Molecular epidemiology and evolution of A(H1N1)pdm09 and H3N2 virus during winter 2012-2013 in Beijing, China

•Influenza epidemiology was monitored during June 2012-May 2013 in North China.•A(H1N1)pdm09 virus (2009-2013) and H3N2 virus (2000-2013) evolution was analyzed.•New substitutions in haemagglutinin and neuraminidase were identified.•The antigenic variation explained the suboptimal protection afforded by vaccines.

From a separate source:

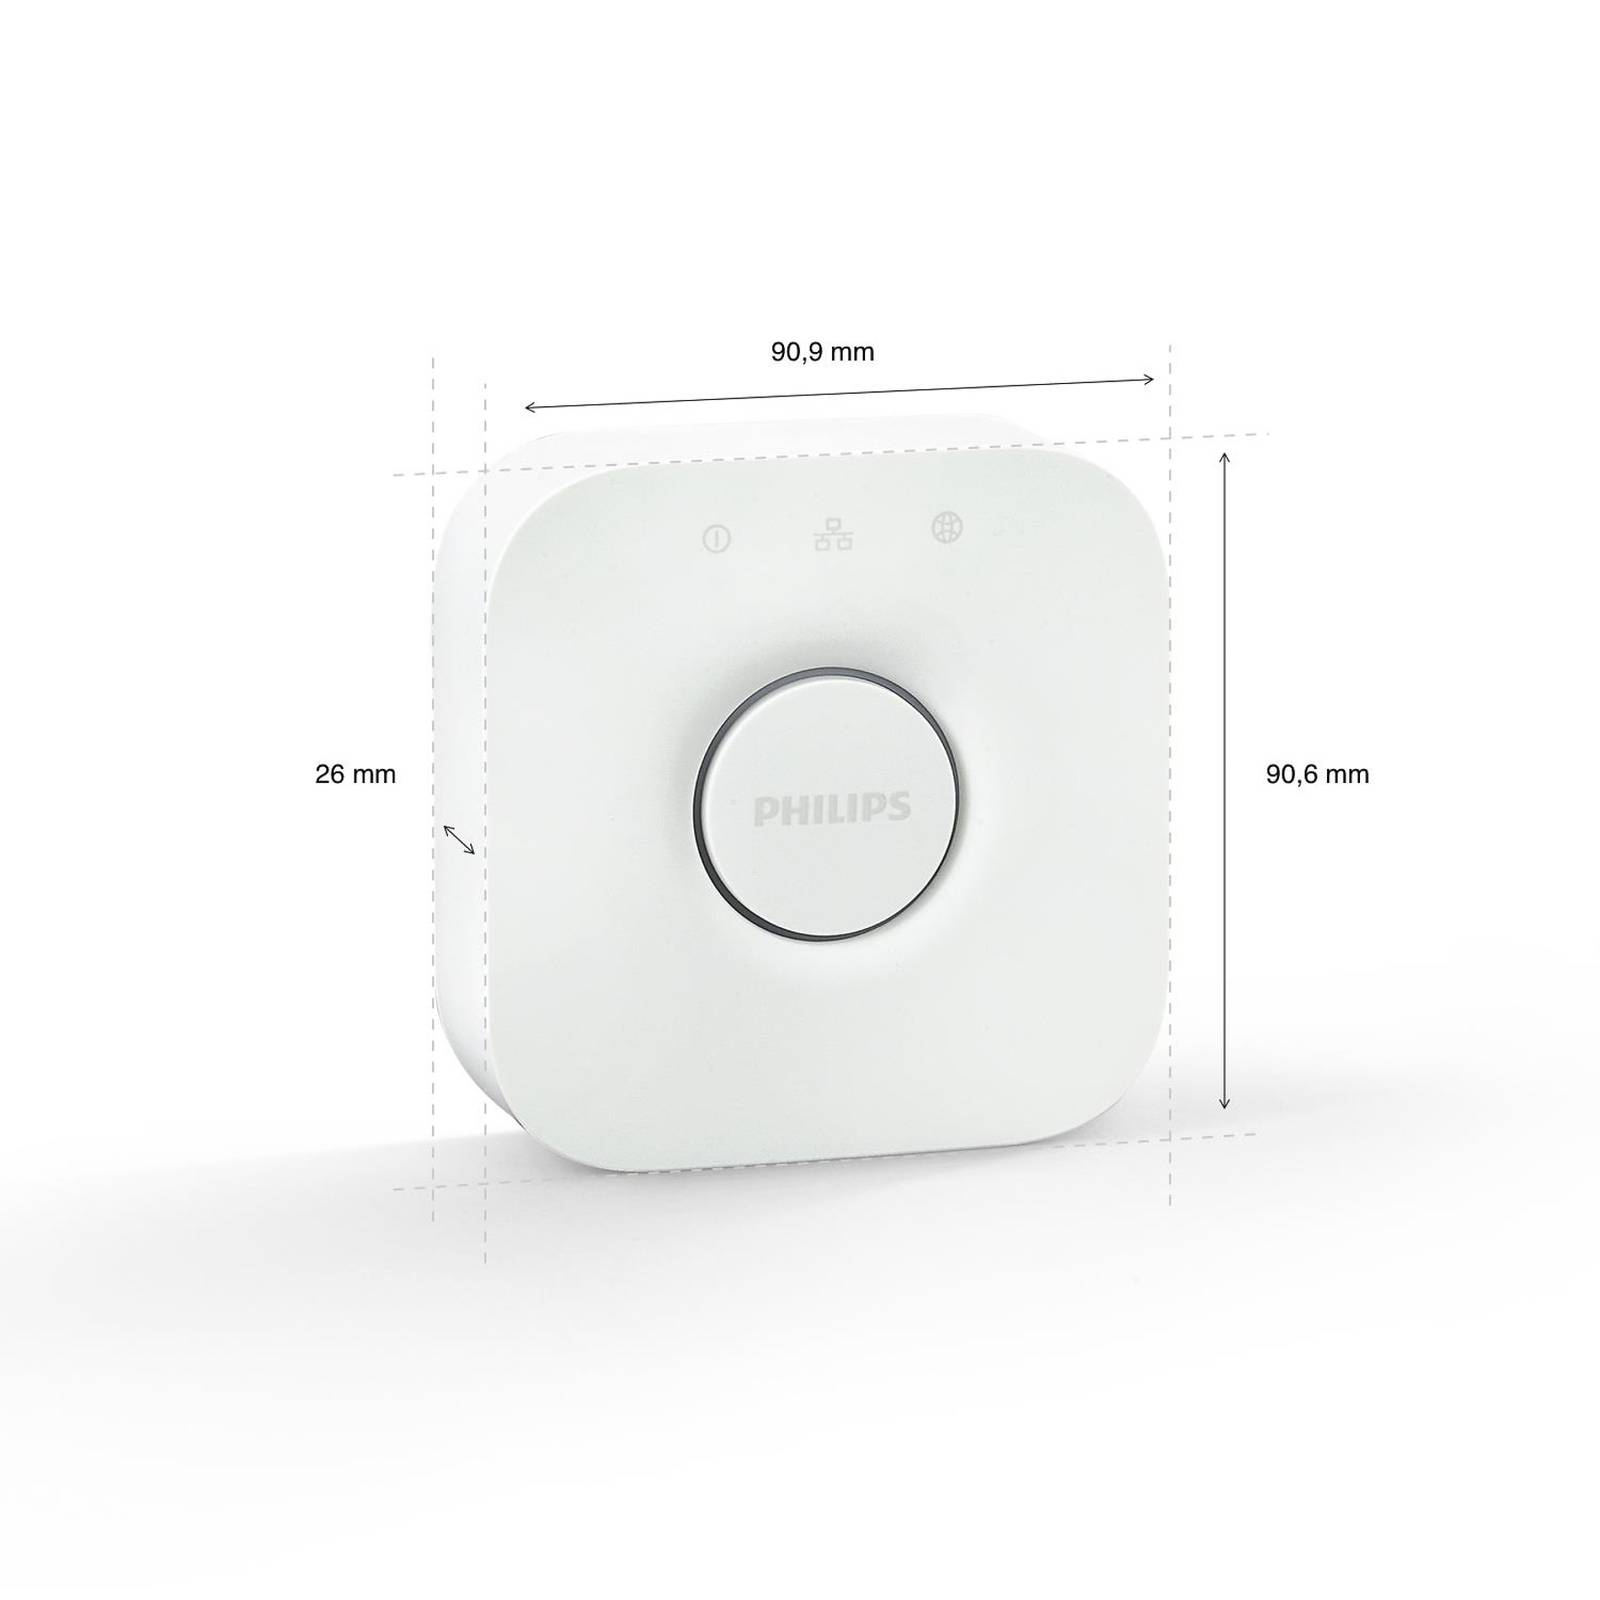 Image of Philips Hue passerelle 8718696511800
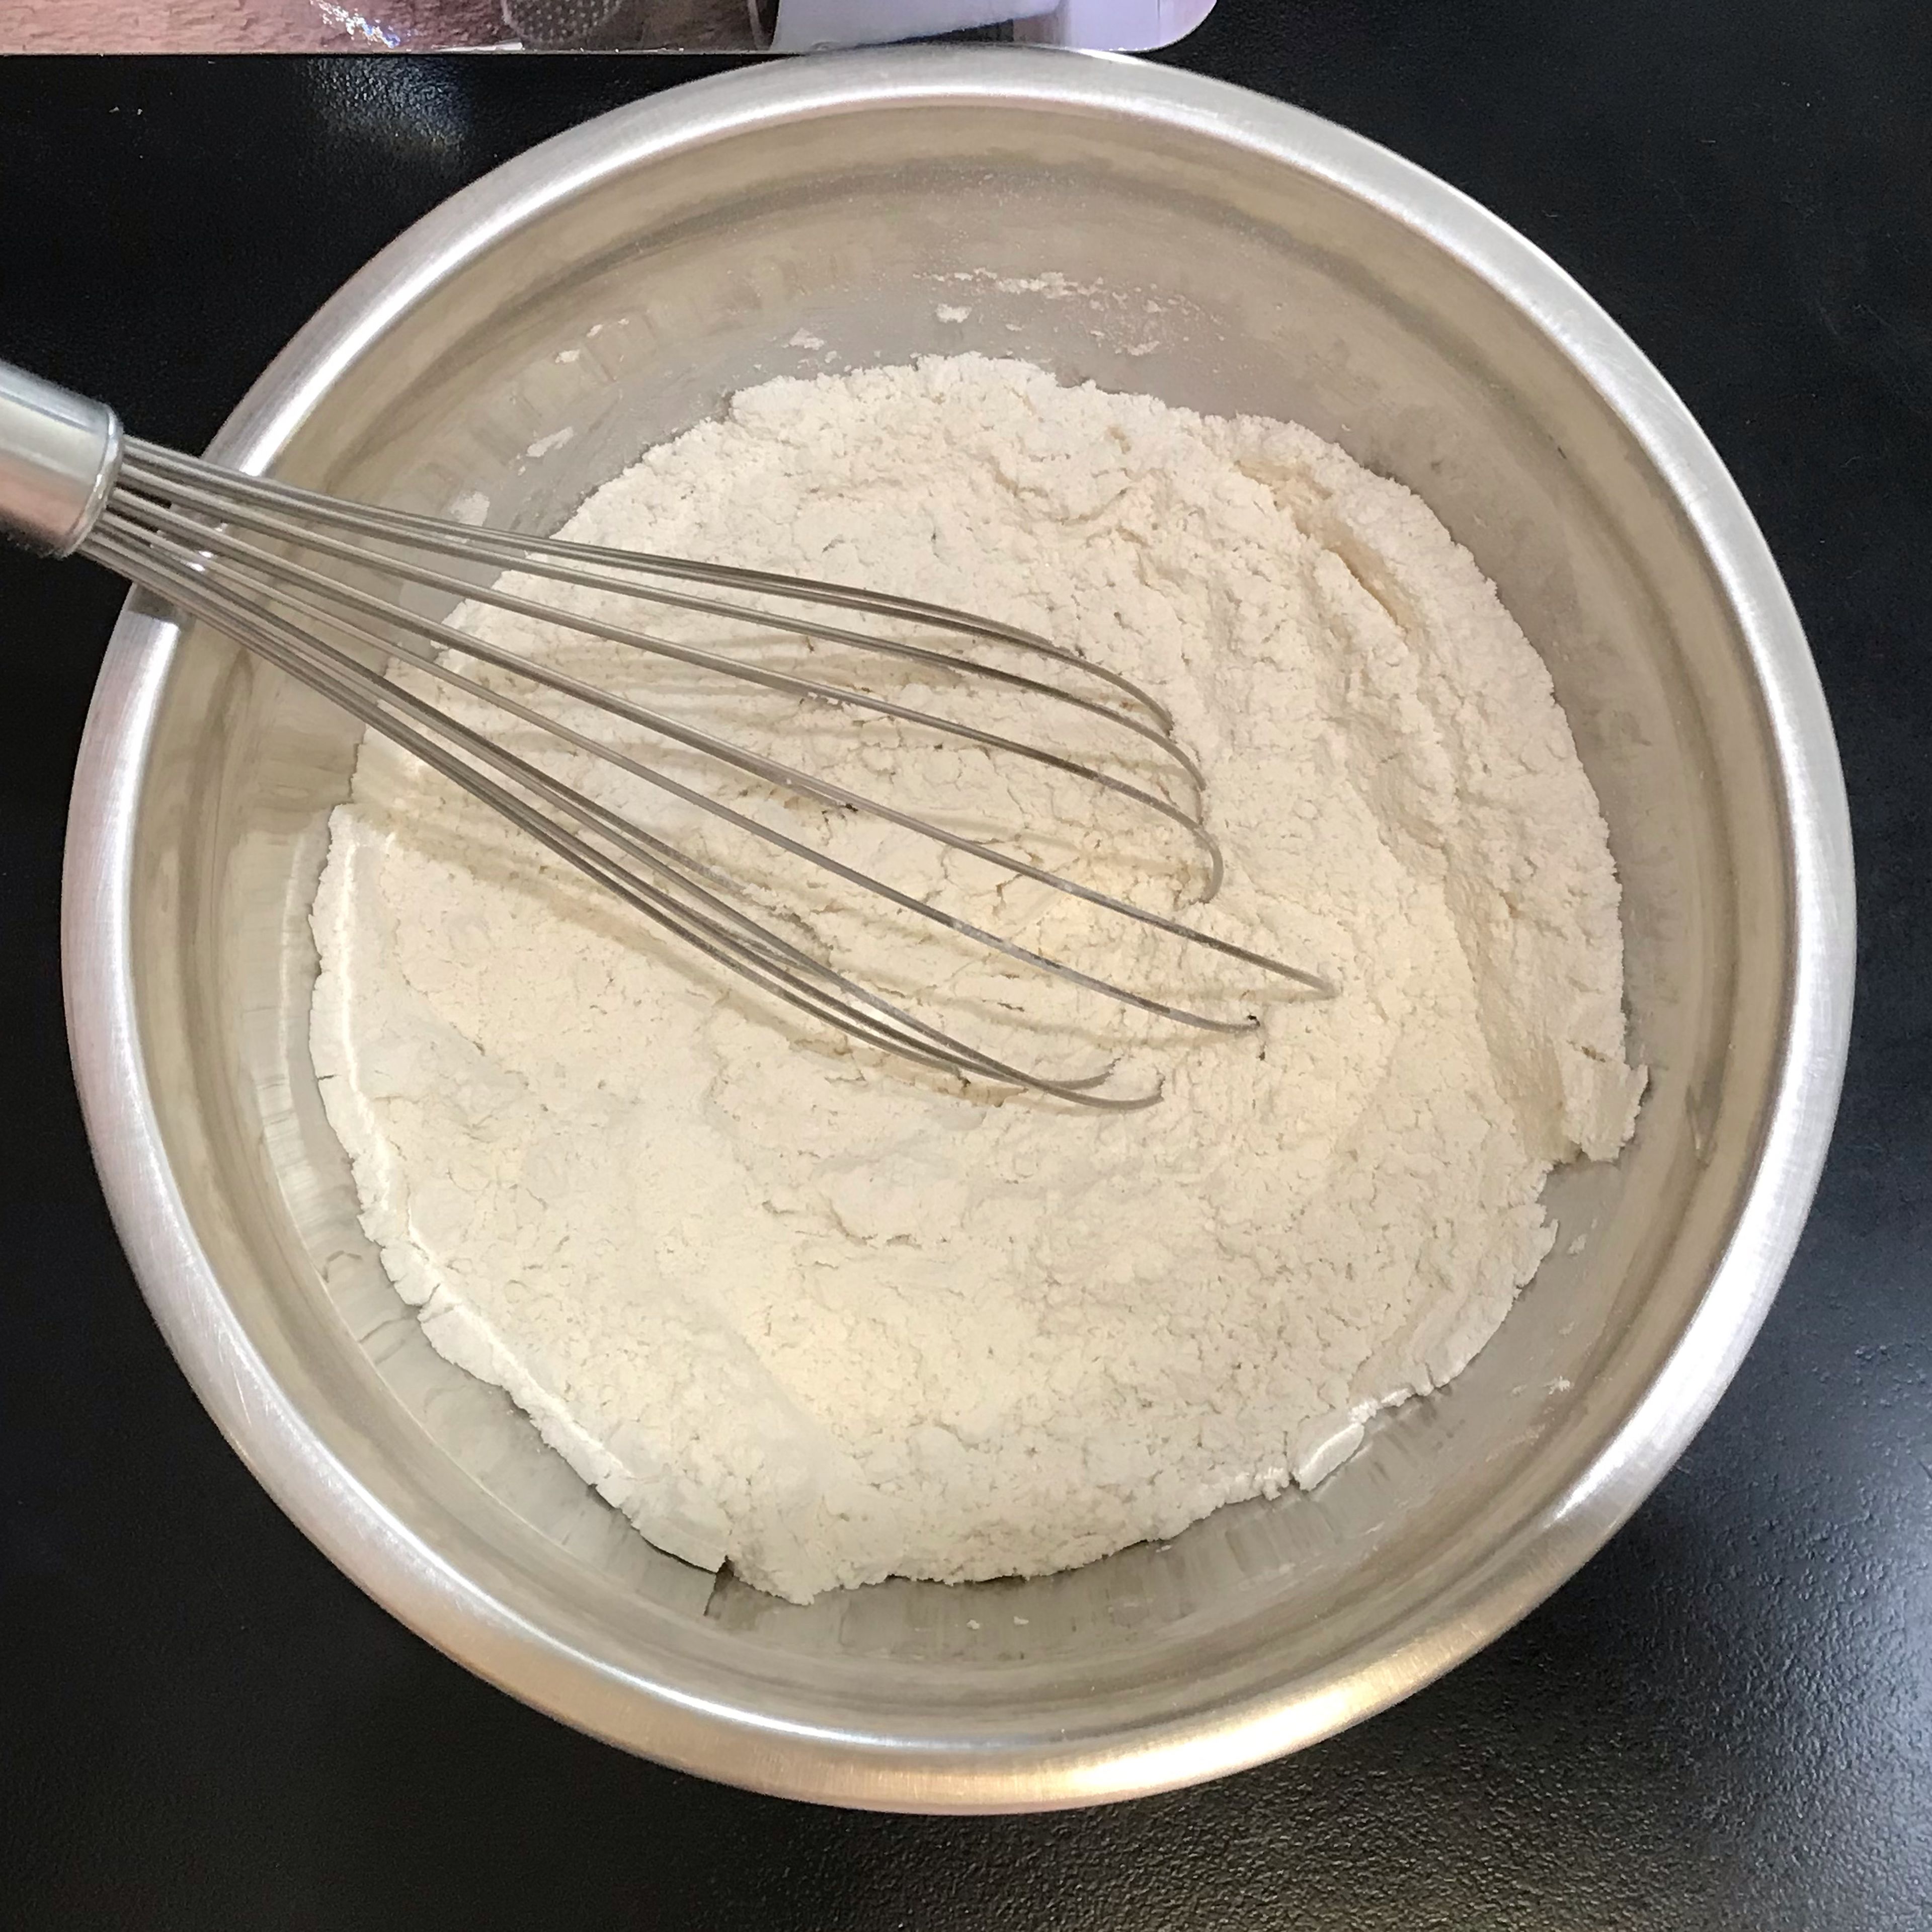 In a separate medium bowl, whisk together the flour, baking powder, baking soda and salt.

In order to evaluate the epidemiology of influenza A and its surface antigens (haemagglutinin [HA] and neuraminidase [NA]) for molecular epidemiology and evolution analysis during winter 2012-2013 in Beijing, China, we worked within the framework of the Chinese National Influenza Center and collected nasal swabs of patients presenting with influenza-like illness. We found that both A(H1N1)pdm09 (46.8%) and H3N2 (53.2%) viruses were the predominant strains during the 2012-2013 influenza epidemic. The peak phase started at the second week of 2013 and lasted about 1 month. We obtained HA and NA sequences of viruses from 44 patients by using Sanger sequencing. None of the strains had the oseltamivir resistance site H274Y. Phylogenetic analysis of 29 A(H1N1)pdm09 viruses showed a genetic drift from the vaccine strain A/California/07/2009 with mutations (H155Q/R and L178I) at the antigenic sites Ca and Sa of HA; the strains were classified into genetic groups 6 and 7 because of the presence of D114N, S160G, S202T, and A214T mutations in HA. H3N2 viruses formed seasonal phylogenetic clusters representative for each season from 2000 to 2013; 15 of the 2012-2013 H3N2 strains were assigned to the A/Victoria/361/2011 genetic clade with mutations at the antigenic sites A, B and C of HA, including R158K/G, N161S, Q172H, and N294K; the 2012-2013 strains with V239I, S61N, T64I, and A214S HA mutations were classified into subgroup 3C. The mutation of potential N-linked glycosylation residues at the antigenic sites of HA and around the enzymatic active center of NA may have increased viral pathogenicity by masking antigenic sites from immune recognition. Our data suggest that influenza vaccines are generally effective, but still provide suboptimal protection due to antigenic variation. This study increases the understanding of influenza A viruses in humans and is informative for future vaccine strain selection.